Functional Genomics (FG) is a sub-specialty of molecular biology that enables exploration of gene and protein function not only at the gene level but also on a genome-wide scale. Technologies such as RNA interference (RNAi) and gene editing (e.g. CRISPR) that interfere or alter gene function allow us to investigate gene function in vertebrate cells in a single experiment. The FG unit provides tools and technologies, for individual genes, pathway-focused genes and genome-wide analysis.
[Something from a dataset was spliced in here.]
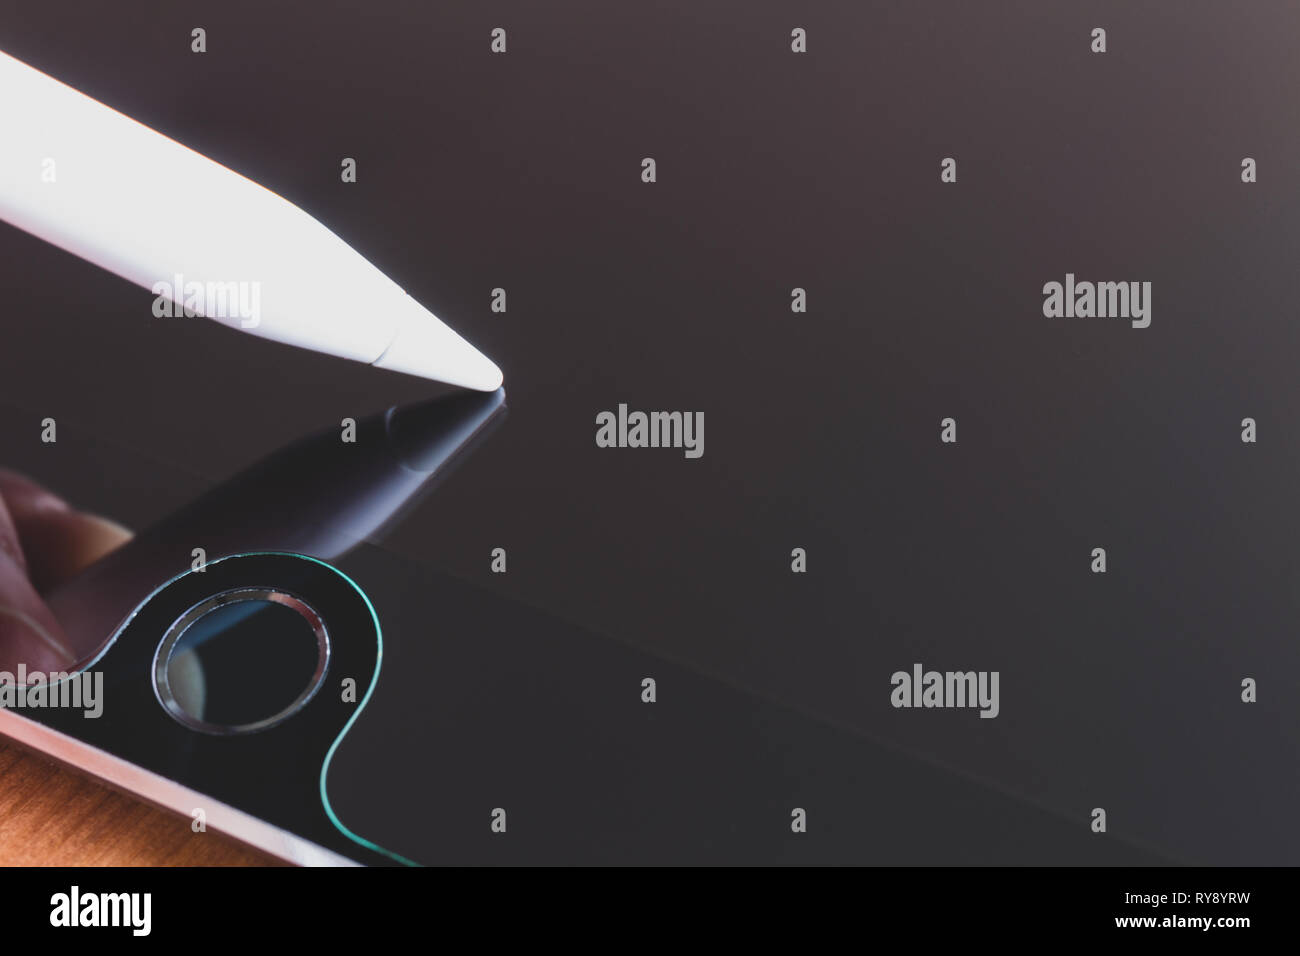 Ipad Pro Stock Photos & Ipad Pro Stock Images - Alamy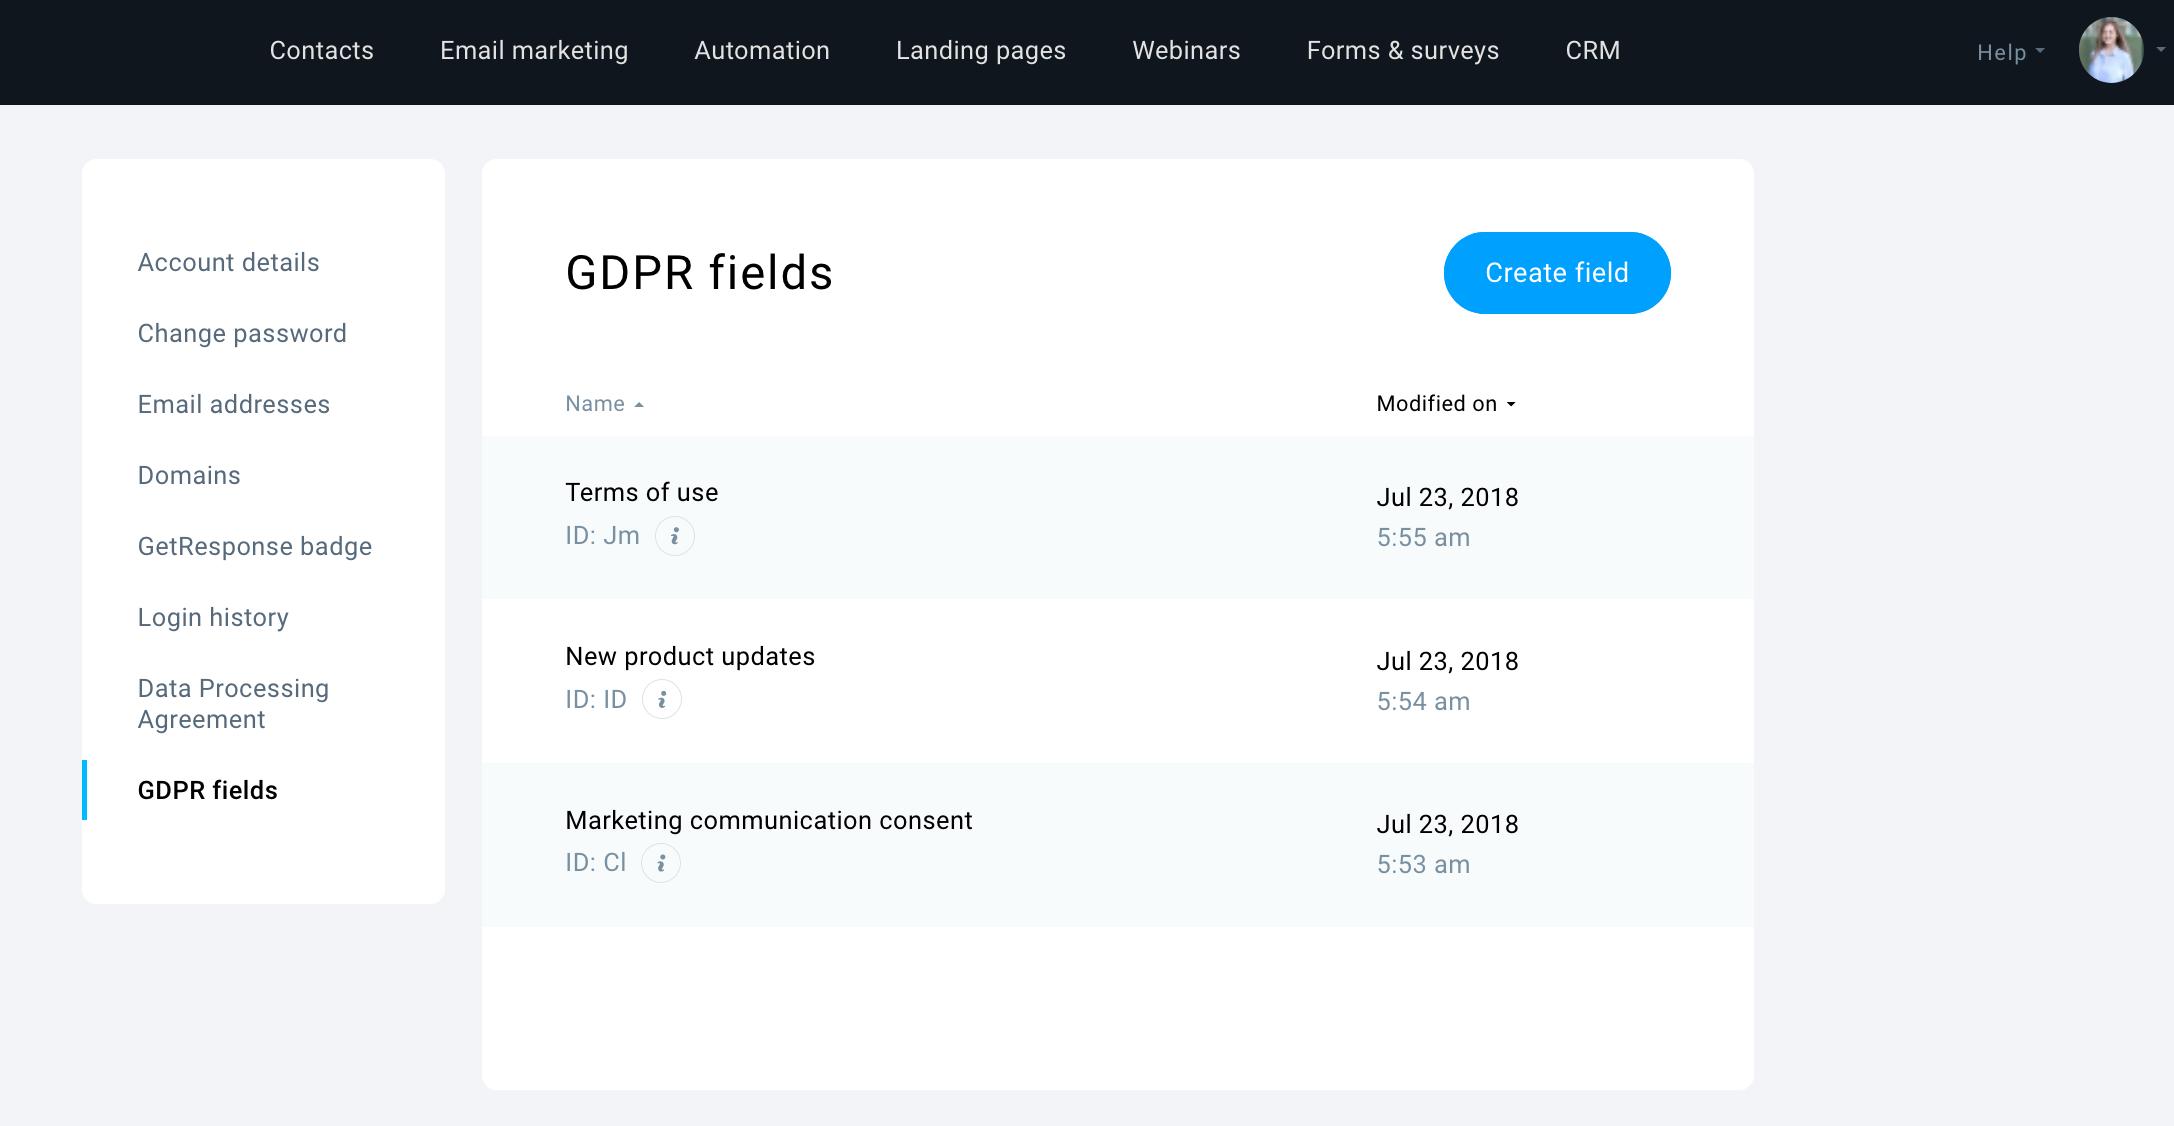 Manage GDPR fields GetResponse

The FG unit is equipped with forefront techonologies for the Next-Generation Sequencing (NGS) and functional studies aimed to define the role of one or more genes in a specific context.

Experimental Activities

	Analysis of gene expression through Affymetrix microarrays, RNA-seq (NGS technologies) and qRT-PCR
	Sequencing of DNA through Sanger Sequencing, pyrosequencing and NGS technologies to determine Single Nucleotide variants (SNVs), short insertions and deletions (indels), and copy number variations (CNVs)
	Functional studies based on over-expression, gene silencing, gene knock-out and/or gene-editing through CRISPR/Cas9 system
	Reversible immortalization of primary cells via the stable trasduction of lentiviral vectors.
FG activities allow to assess the effects of a specific pharmacological treatment, to identify and validate novel therapeutic targets and/or diagnostic biomarkers. Our Bioinformatic core facility has an outstanding expertise in FG-derived data analysis.